PTT’ye gidip sıra bekleyerek eşimiz dostumuz ile telefon ile iletişim kurmak için epey çaba sarf ederdik. Oradaki kuyruklar dışarıya kadar uzardı. İletişim için bir emek ve maliyet demekti. Ne olursa olsun, bayramda seyranda akrabanın, eşin, dostun sesini duymak çok önemli ve değerlidir. İletişim kurmak için ciddi bir çabanın varlığından bahsedilebilir. Kısaca da olsa selam verilir hal sorulurdu. O bile yeterlidir, bir insanın iyileşmesi ve dünyanın güzelleşmesi için. Telefonun karşısındaki o sıcacık bir ses ile dünyalar bizim olurdu adeta.
Mektuplar yazılırdı bir de. Güzel duygular kâğıda yazılır ve zarfa konulurdu. Uzaktaki akraba ve dostlara mektuplar ihmal edilmezdi. PTT’de mektup yollamak için sıra beklediğim çok olmuştur. Eve postacı geldiğinde evdeki sevinci anlatamam. Tüm aile “Neler yazılmış acaba?” diyerek heyecanla beklerdi. Mektupların içi özlemle dolu olduğu için, duygusal anlar çok yaşanırdı. Gariban annem çok sevinirdi bu mektuplara ve aynı zamanda çok duygulanırdı da. Bu mektupları yazdığım çok olmuştur. Bin bir özenle yazılan bu mektuplar da iletişime verilen değerin göstergesidir. Yani özlem hasret ve sevgi özel bir kâğıda aktarılır ve güzel bir aile fotoğrafı ile beraber zarfa konulurdu.
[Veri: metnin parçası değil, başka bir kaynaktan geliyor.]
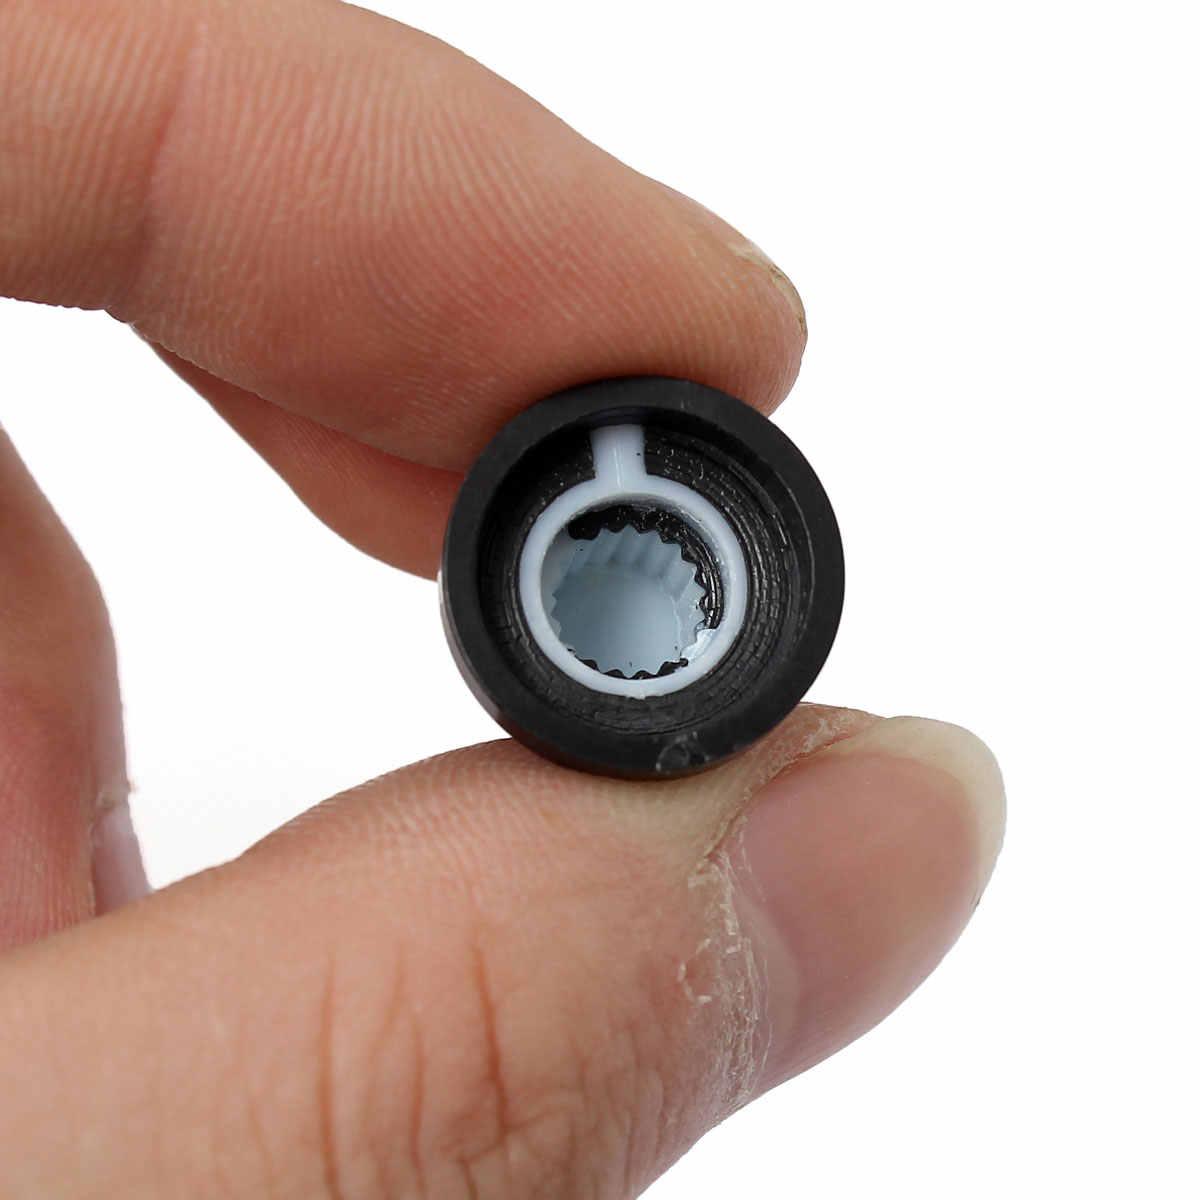 En yeni!! Sıcak Satış 10 Adet 6mm Mil Delik Dia Plastik Dişli Tırtıllı Potansiyometre Kolları Caps
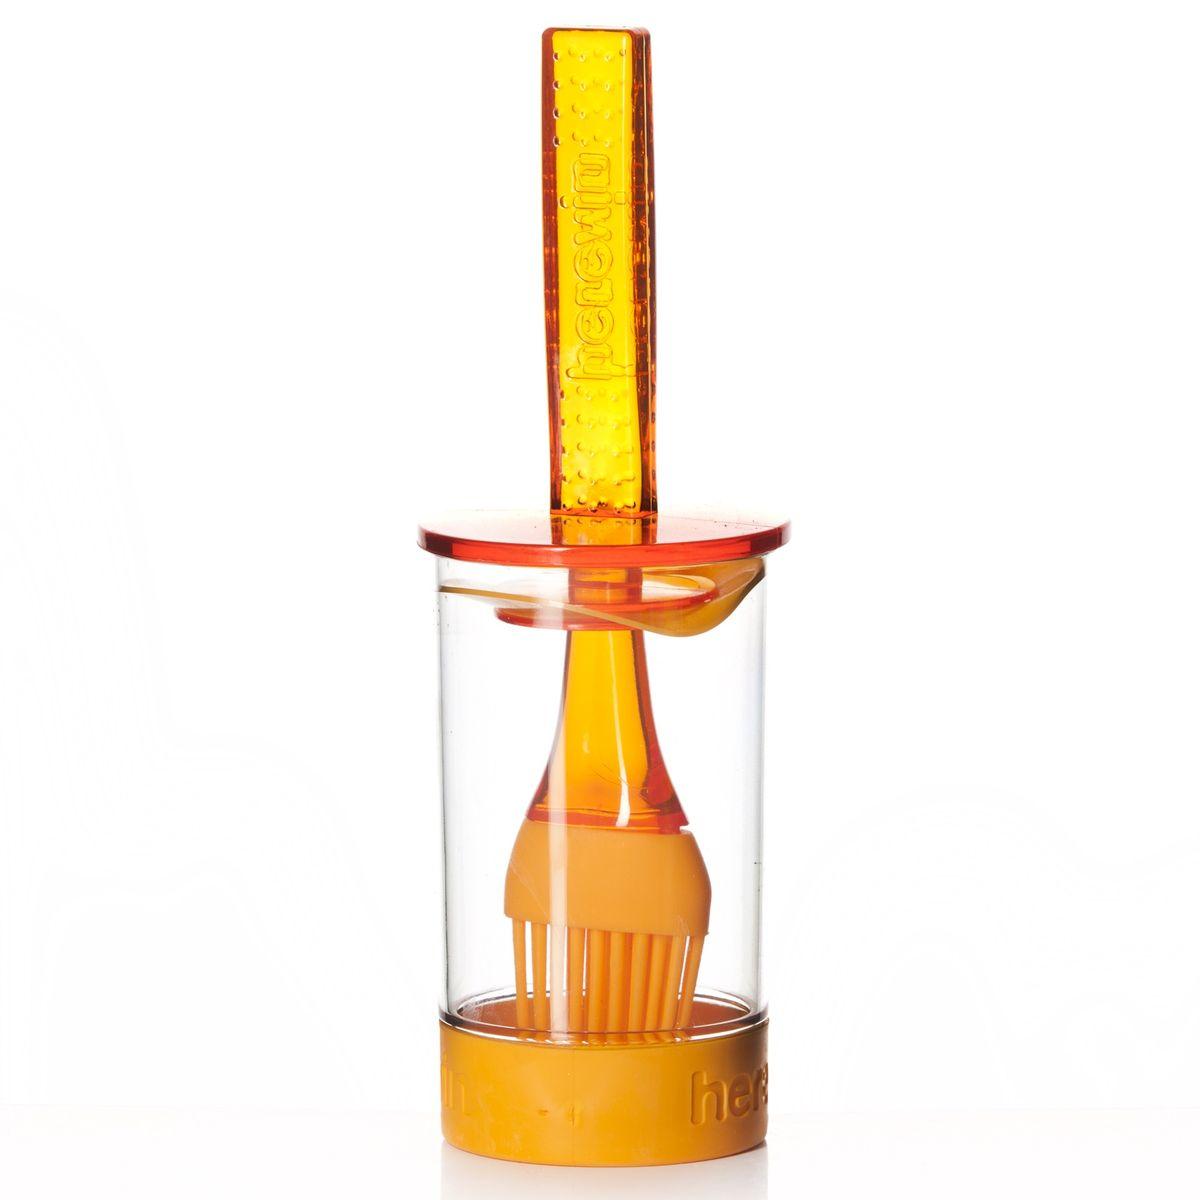 Емкость для соуса Herevin, с кисточкой, цвет: оранжевый, 250 мл161260-000Емкость для соуса Herevin выполнена из прочного пластика. В нижней части емкости имеется вставка из приятного на ощупь силикона, который не позволит ей выскользнуть из ваших рук. Емкость плотно закрывается пластиковой крышкой с уплотнителем и встроенной силиконовой кисточкой. Кисточка хорошо распределяет соус, маринад или другую смазку. Такое удобное приспособление поможет вам смазать соусом готовое блюдо и не разбрызгать его. Налейте соус в емкость, опустите туда кисточку и, уже поднеся к пирогу или мясу, смазывайте. Также емкость прекрасно подходит для приготовления и хранения соуса, маринада. Диаметр емкости: 6 см. Высота емкости (без учета крышки): 11 см. Длина кисточки: 20 см. Уважаемые клиенты! Обращаем ваше внимание на возможные изменения в цветовом дизайне товара, связанные с ассортиментом продукции. Поставка осуществляется в зависимости от наличия на складе.

O mektup uzun yolculuklardan sonra sahibine ulaşırdı.
Bir de tebrik zarfları vardı bayramların vaz geçilmezi olan. İnsanlar, bulundukları şehirlerin manzaralarının olduğu kartpostalları sevdiklerine postalardı. Kartpostalların arkasında kısaca not yazmak için alanlar bulunurdu. En özlü ve en güzel şekilde kaleme alınan mesajlar olurdu. O kartpostallar yıllar boyu hatıra olarak saklanırdı.
Aslında iletişim, bugüne kıyasla kısıtlı imkânlar dâhilinde gerçekleşmekteydi. Ama iletişimi değerli kılmak için önemli bir gayret gösterilmekteydi. İletişim için emek verilmekteydi. İnsanlar kişiler arası iletişime önem vermekteydiler. Böylece sevgiler çoğalırken; üzüntüler ise azalıyordu. Geldiğimiz zamanda iletişim kurmak çok kolaylaştı. Ama bir o kadar da birbirimizden koptuk. Diğer bir ifadeyle birbirimizle nitelikli bir iletişim kurmaz olduk ne yazık ki. Bireysel anlamda iletişimlerimizi güzel ve değerli kılmak için çok daha fazla gayret etmeliyiz gibime geliyor.